Greg Langmo’s family has been raising turkeys in Minnesota for 50 years “We are about a week away. In fact next Wednesday these turkeys will be on the truck,” says Greg about his 17 week old, 21 pound turkeys. 21 pounds in 17 weeks mean these birds are eating quite a bit. And that means quite a bit of something else - manure. And when you raise almost 50 thousand turkeys at a time that manure starts piling up. In fact, Minnesota raises 46 million turkeys a year. This gives farmers like Greg the challenge of what to do with all of that litter. Typically the solution was to spread it on farm fields as fertilizer, but due to Minnesota’s short window to grow crops in the spring and fall, a lot of that manure ends up in stockpiles. Greg says, “That’s the only use there was for it. Rural residential property owners were concerned that there was a lot of stockpiling going on. It wasn’t being handled in a way that they were comfortable with. They didn’t like the odor, they didn’t like the runoff. They didn’t like the flies.”

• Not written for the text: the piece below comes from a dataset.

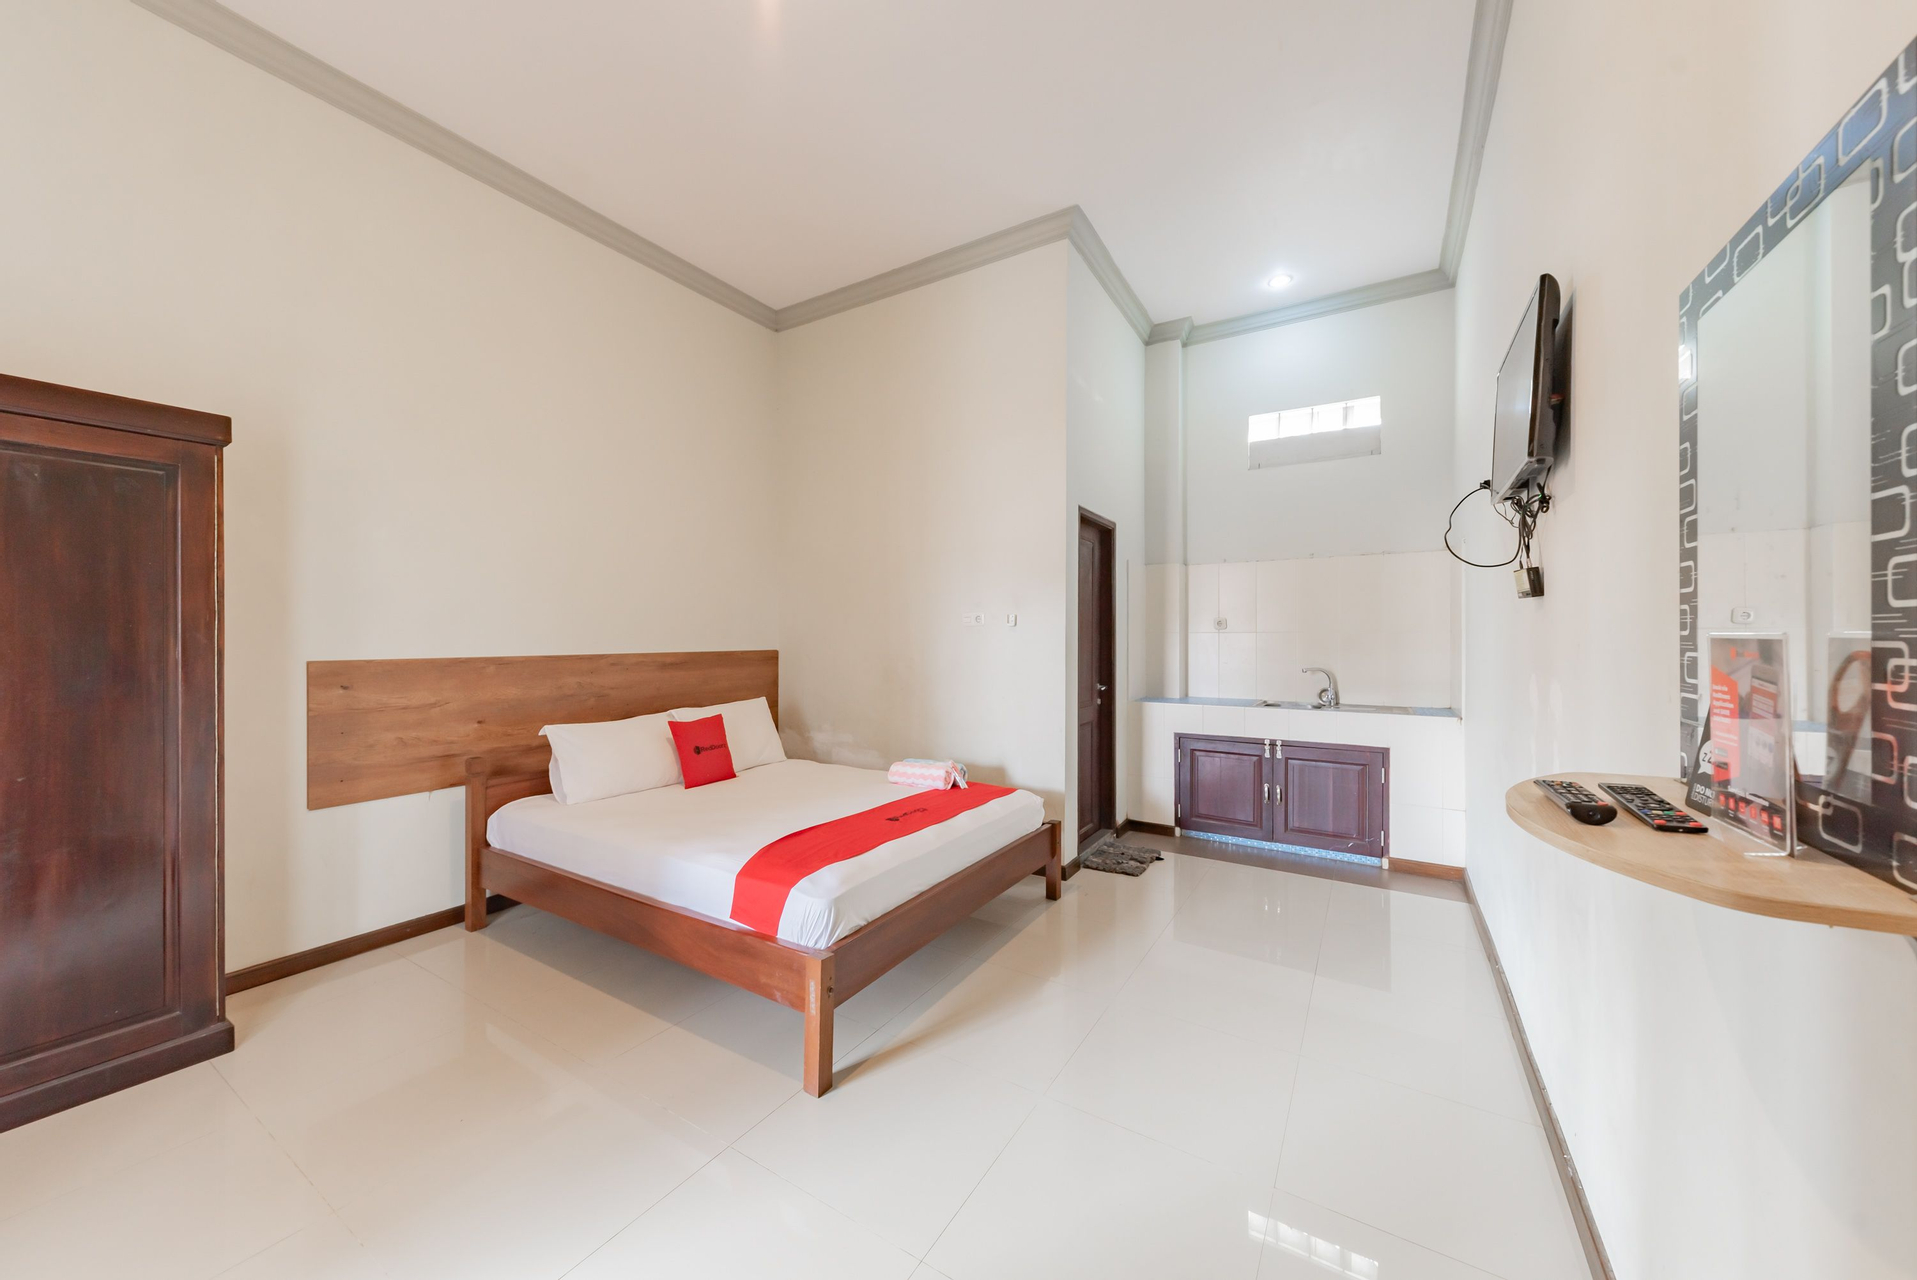 Bedroom 1, RedDoorz near GOR Sempaja Samarinda, Samarinda

Reed Anfinson’s town needs jobs and Greg Langmo needs a better way to get rid of his turkey litter. This is where Terry Walmsley comes into the picture. “My kids call me a poopologist,” jokes Terry. He’s actually an executive with the British company Fibrowatt. And just about the time that Minnesota turkey farmers were thinking of ways to jettison turkey litter into space Terry and his Fibrowatt friends said something rather shocking, “There’s electricity in that there poop!” Terry goes on to mention, “This is a unique material that not only is a renewable resource, produce renewable energy. But it is actually doing an end benefit by managing something that is produced in excess.”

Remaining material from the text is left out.